In La leggerezza della gioventù on 23 novembre 2010 at 11:59

Gabri era uscita di casa sbattendo la porta. Si era pure scordata di prendere su la chitarra. Era arrabbiata e delusa. Si sentiva incompresa e angariata da quei due che dicevano di essere i suoi genitori. Non facevano che dire: “Perché non ti vesti come Maria?” “Non vedi che è più carina di te, più curata.” “Non vedi che si fa voler bene da tutti e tu invece…” Lei non voleva farsi voler bene da tutti. Almeno non lo voleva più. Voleva andarsene di casa e finalmente liberarsi di loro e pure di quella sorella che non faceva che renderla antipatica ed insicura. Mary quella bella. Mary la bionda e volubile figlia di quella vecchia coppia.

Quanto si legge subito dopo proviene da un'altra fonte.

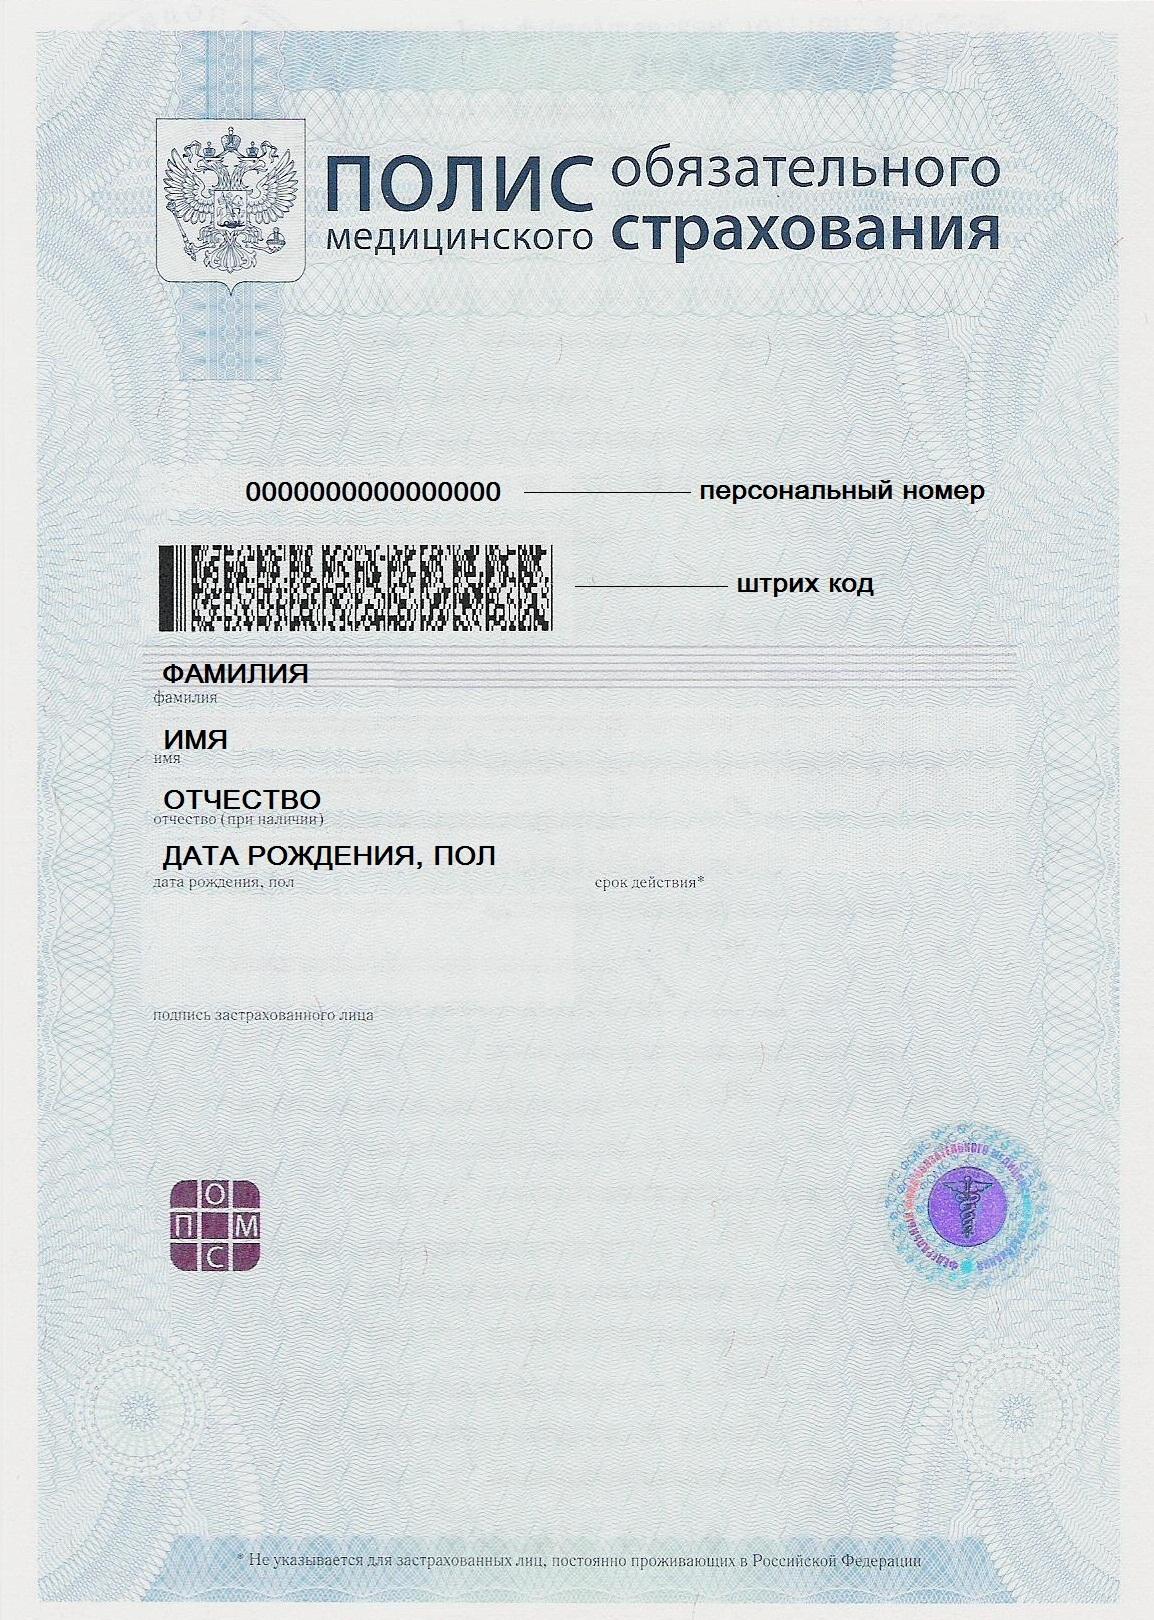 Прибавка к зарплате аппарата суда в 2018 году в России

Gabri si sentiva davvero un relitto. Lei era nata tarchiata e nera. Nessuna grazia. Ma non era stupida però, non come sua sorella. Un giorno gliel’avrebbe fatta vedere lei. Si sarebbero rimangiati tutte le loro critiche. D’altra parte a lei nessuno aveva dato niente. Nessun regalo nella sua culla. Niente fate che l’avrebbero cambiata in una dolce fanciulla e tanto meno niente principe azzurro. Ne aveva di che dormire prima di un bacio. Perché le cose dovevano andarle sempre così? Perché proprio a lei?

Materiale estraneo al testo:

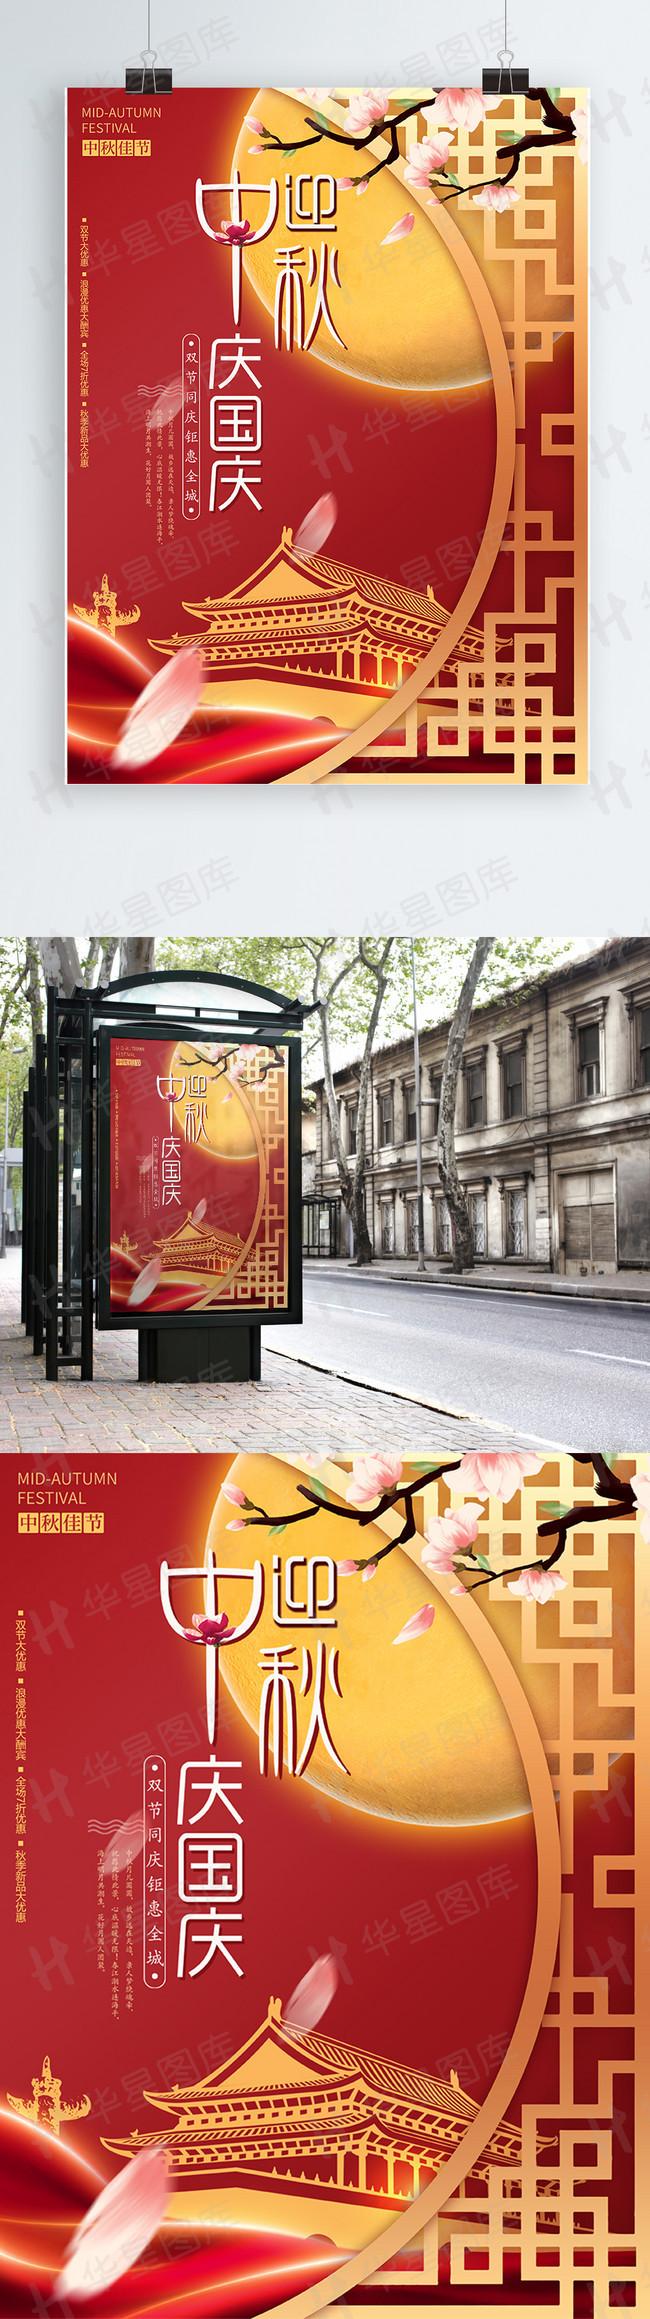 原创创意中秋国庆双节节日宣传海报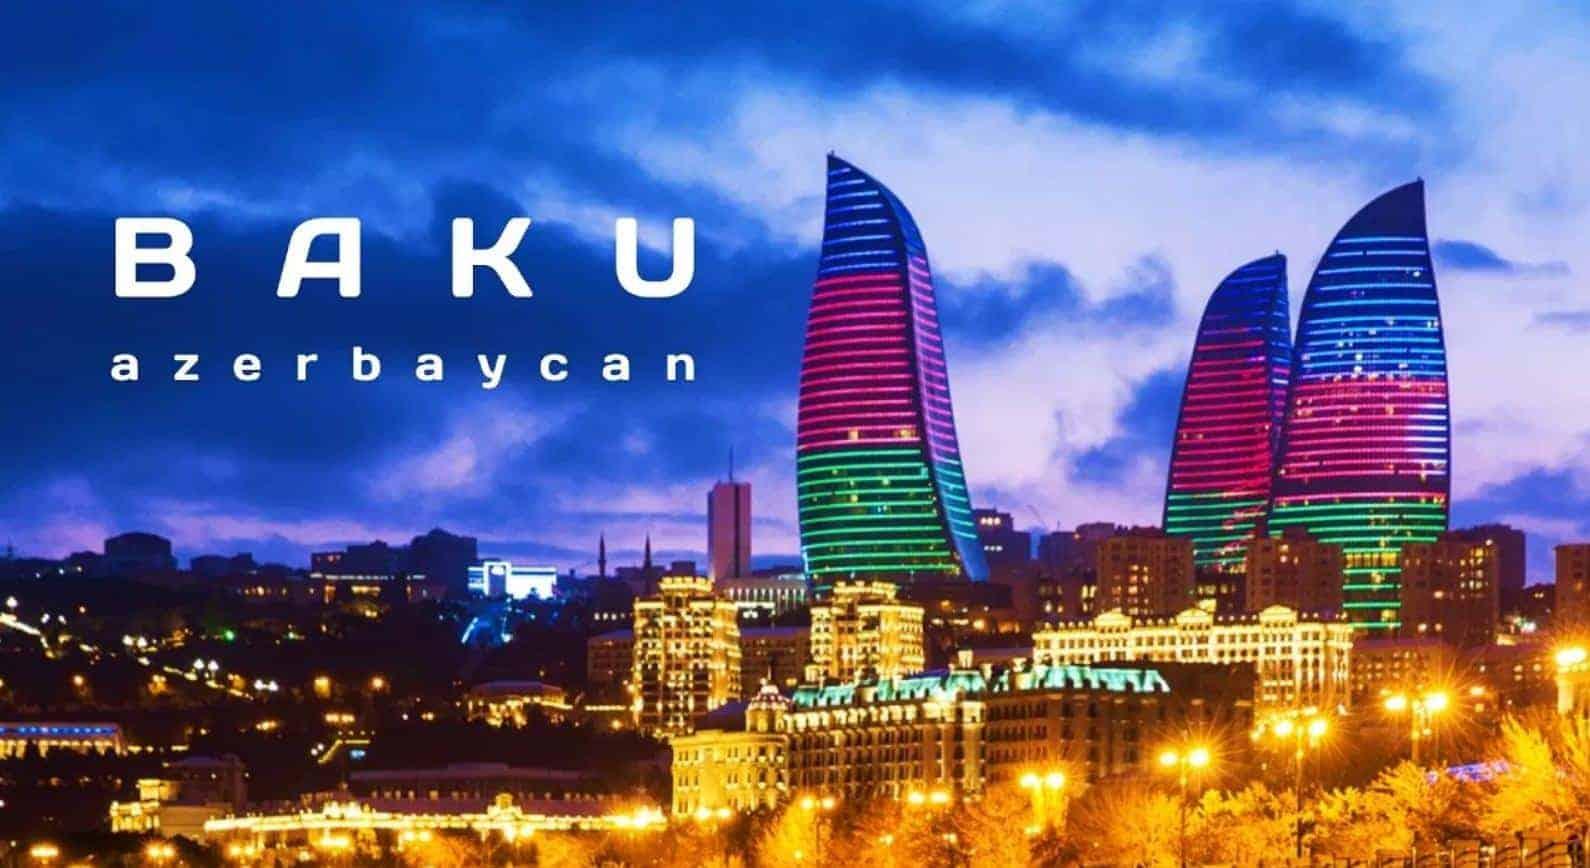 مدينة باكو، أذربيجان

Piena di rabbia si era avviata in piazza. Magari avrebbe trovato qualcuno con cui sfogarsi, magari avrebbe trovato Michele, lui era sempre così disponibile… Sperava che non fosse con Rossana. Se Michele era con lei non l’avrebbe nemmeno degnata di uno sguardo. Ma perché gli uomini erano così scemi? Sempre pronti a rimanere folgorati dalla bella di turno, magari oca.

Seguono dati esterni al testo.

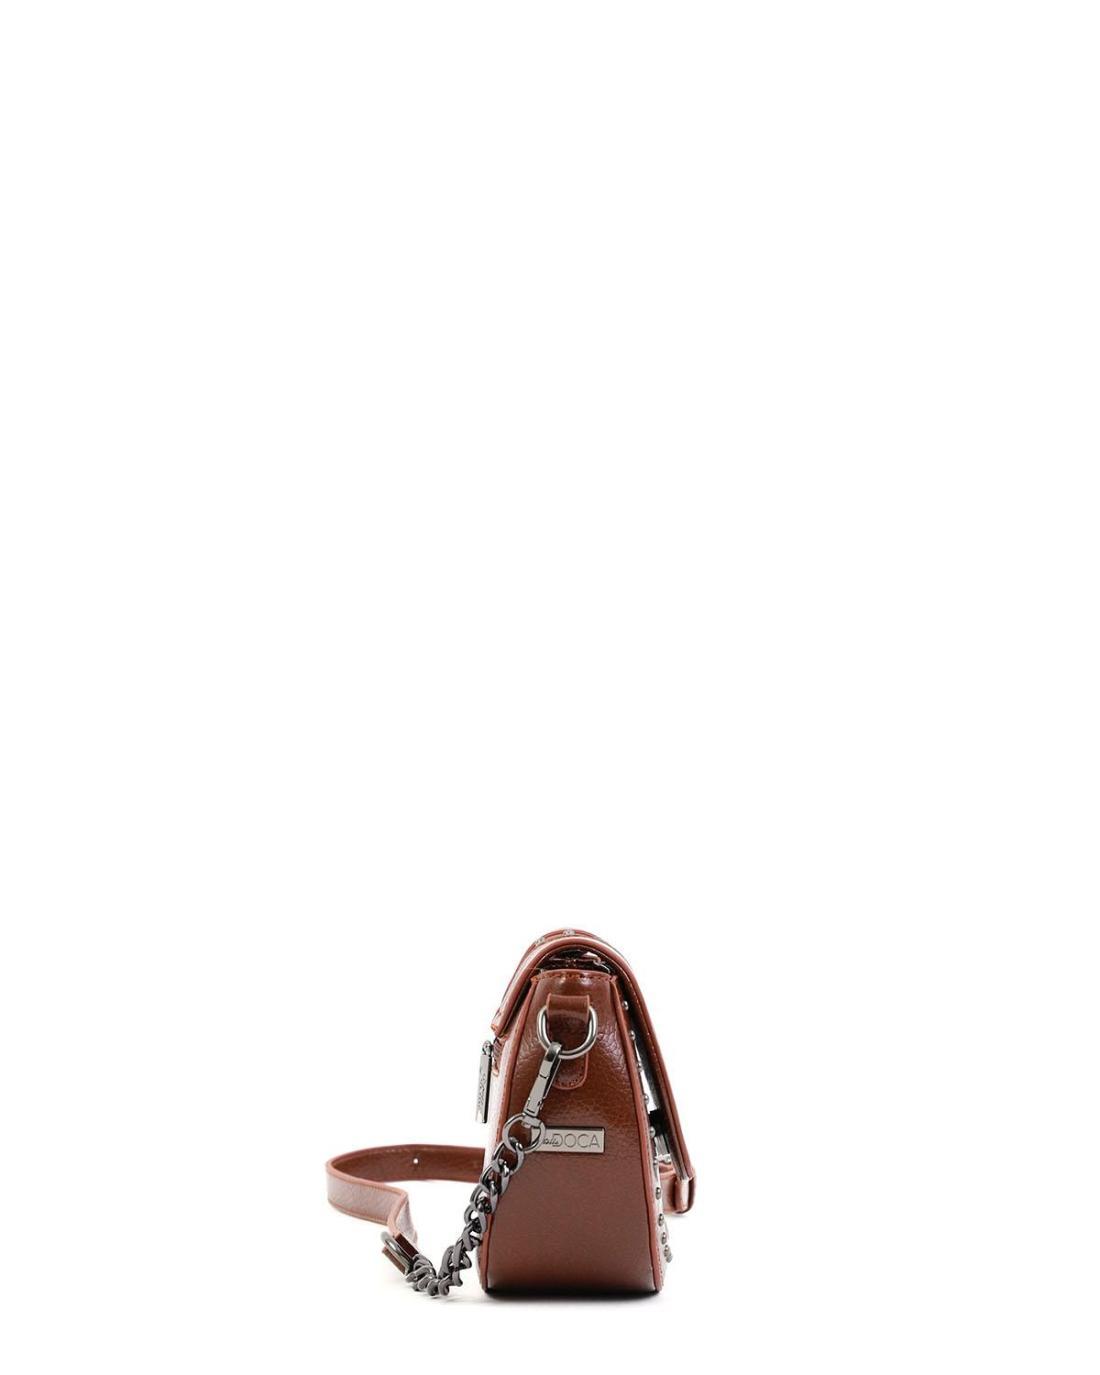 Τσάντα χιαστί καφέ

Michele sarebbe stato il suo ragazzo ideale se non ci fosse stata Rossana. Ne era certa, se lo sentiva dentro. Lui l’apprezzava e le parlava lungamente di poesia e di libri, come di musica e di amicizia. Se non fosse che aveva messo gli occhi sulla sua amica, l’avrebbe sicuramente conquistato… erano simili in fin dei conti, a parte Rossana a lui non interessava davvero la bellezza. Aveva come lei altri valori. Ma accidenti perché Rossana non si levava dalle palle? Tempi difficili per lei: desiderava ardentemente delle cose che non riusciva a raggiungere mai.